Но Томас Андерсон тоже считает себя добропорядочным налогоплательщиком, неравнодушным соседом и программистом в респектабельной компании. (Конечно, он считает себя и гениальным хакером Нео – но и эта, «тайная» часть жизни скрыта от правоохранительных органов, а не от него самого.) В этом смысле мистер Андерсон видит реальность так же, как мы с вами. Именно поэтому ему так сложно принять тот факт, что мира, каким он знал его всю жизнь, не существует. В реальности Томас Андерсон, как и все человечество, находится в рабстве у суперкомпьютера, который использует людей в качестве источника энергии и поддерживает иллюзию жизни в его мозгу. Как неутешительно объясняет Морфеус,
«Матрица окружает нас повсюду.
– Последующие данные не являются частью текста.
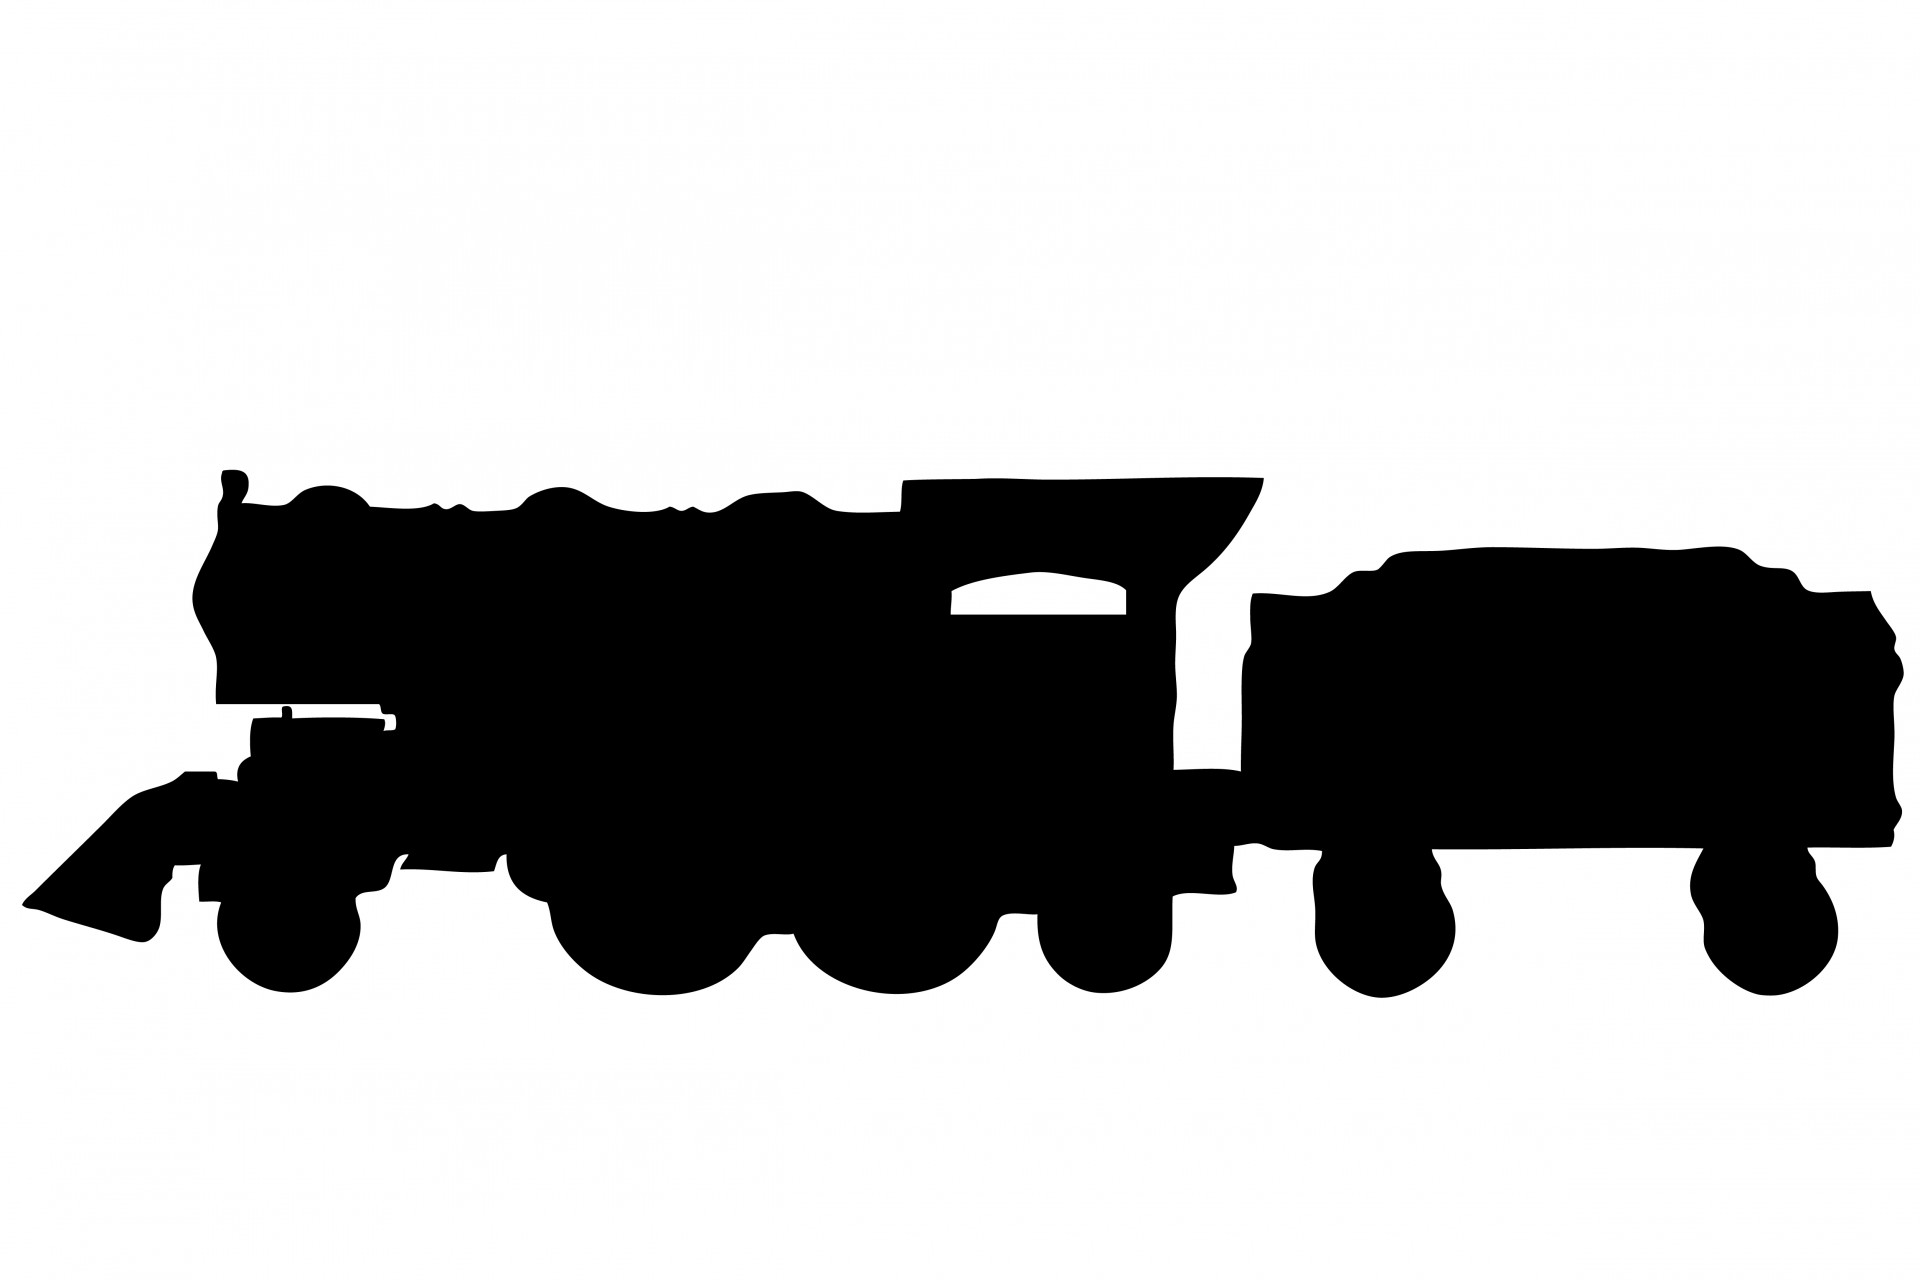 1920x1280 Vintage Steam Train Clipart Free Stock Photo

Она здесь даже прямо сейчас, в этой самой комнате. Когда ты выглядываешь из окна или включаешь телевизор, ты смотришь на Матрицу. Когда ты едешь на работу, идешь в церковь в воскресенье, заполняешь налоговую декларацию, ты ощущаешь Матрицу. Все это пыль, брошенная в глаза, чтобы ты не смог увидеть правду. А правда заключается в том, что ты раб, Нео. Мы все рабы, рожденные в темнице, о существовании которой даже не подозреваем. В темнице для разума».
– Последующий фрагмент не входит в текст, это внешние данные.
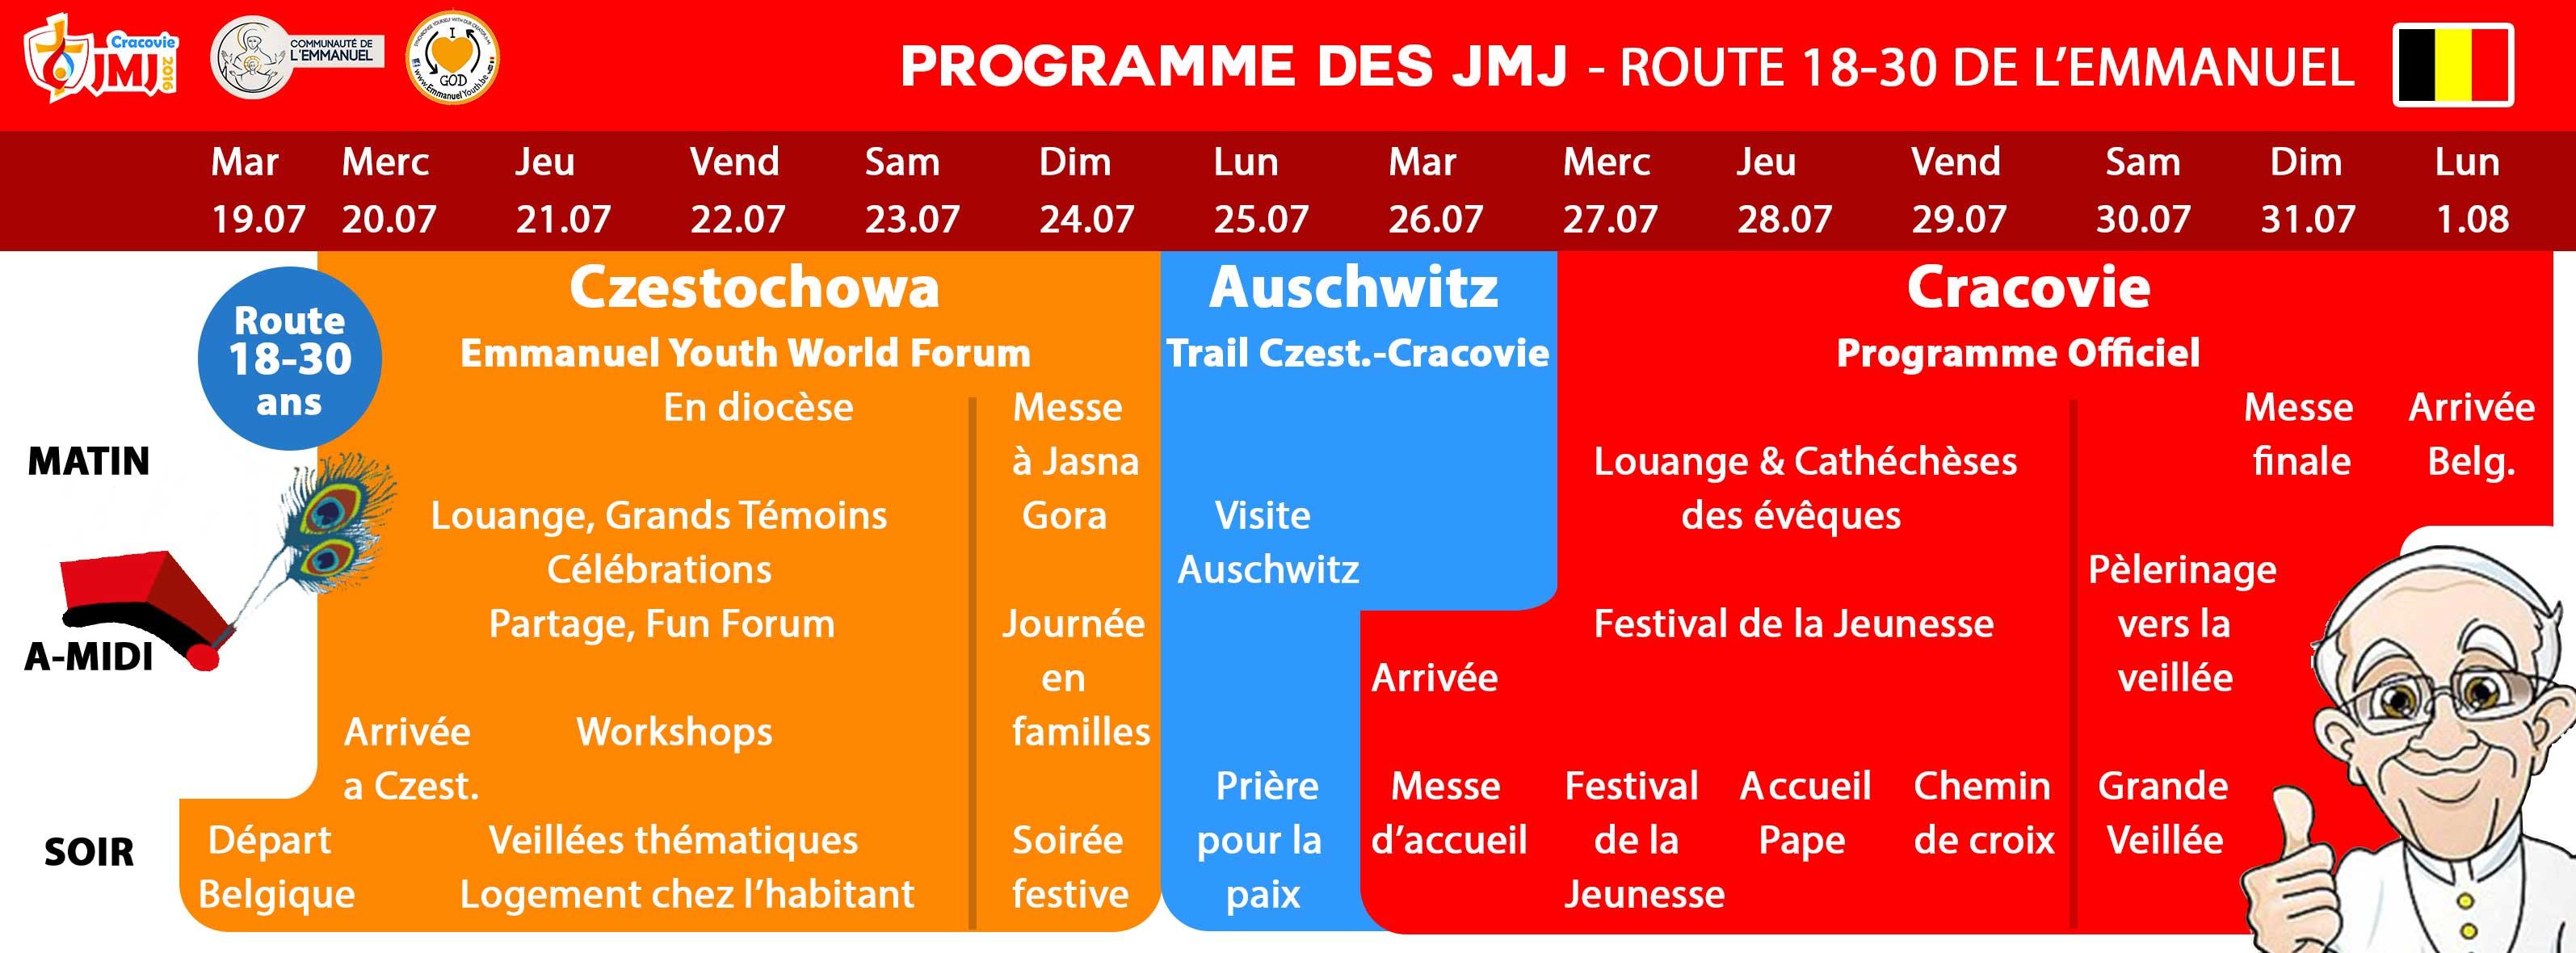 JMJ2016-ProgrammeRouteEmmanuel-18-30v1

Томаса Андерсона и его современников обманом заставляют верить в то, что они ведут полноценное существование, наполненное событиями. Но в реальности всю свою жизнь они проводят в крохотных капсулах, пока машины питаются их энергией. Когда Нео впервые видит, как обстоят дела, ему становится плохо, и он пытается вернуться к своей прошлой жизни в Матрице, пусть жизни искусственной. В своем порыве Нео не одинок: Сайфер так сильно хочет забыть ужасы реального мира, что решает предать свою команду в обмен на беззаботную жизнь в Матрице и возвращение в состояние сладкого неведения.
Некоторые философы не отрицали вероятность того, что все мы действительно живем в огромной иллюзии, подобной Матрице. Мы рассмотрим эту гипотезу, опираясь на труды западных мыслителей, и в особенности Рене Декарта. В конце мы вынуждены будем признать, что она основана на фундаментальной ошибке и представляет собой в лучшем случае метафизический бунт. Также мы порассуждаем о выборе Сайфера вернуться в Матрицу с моральной точки зрения и постараемся доказать, что его ошибочные моральные убеждения стали причиной неверной оценки главных этических вопросов.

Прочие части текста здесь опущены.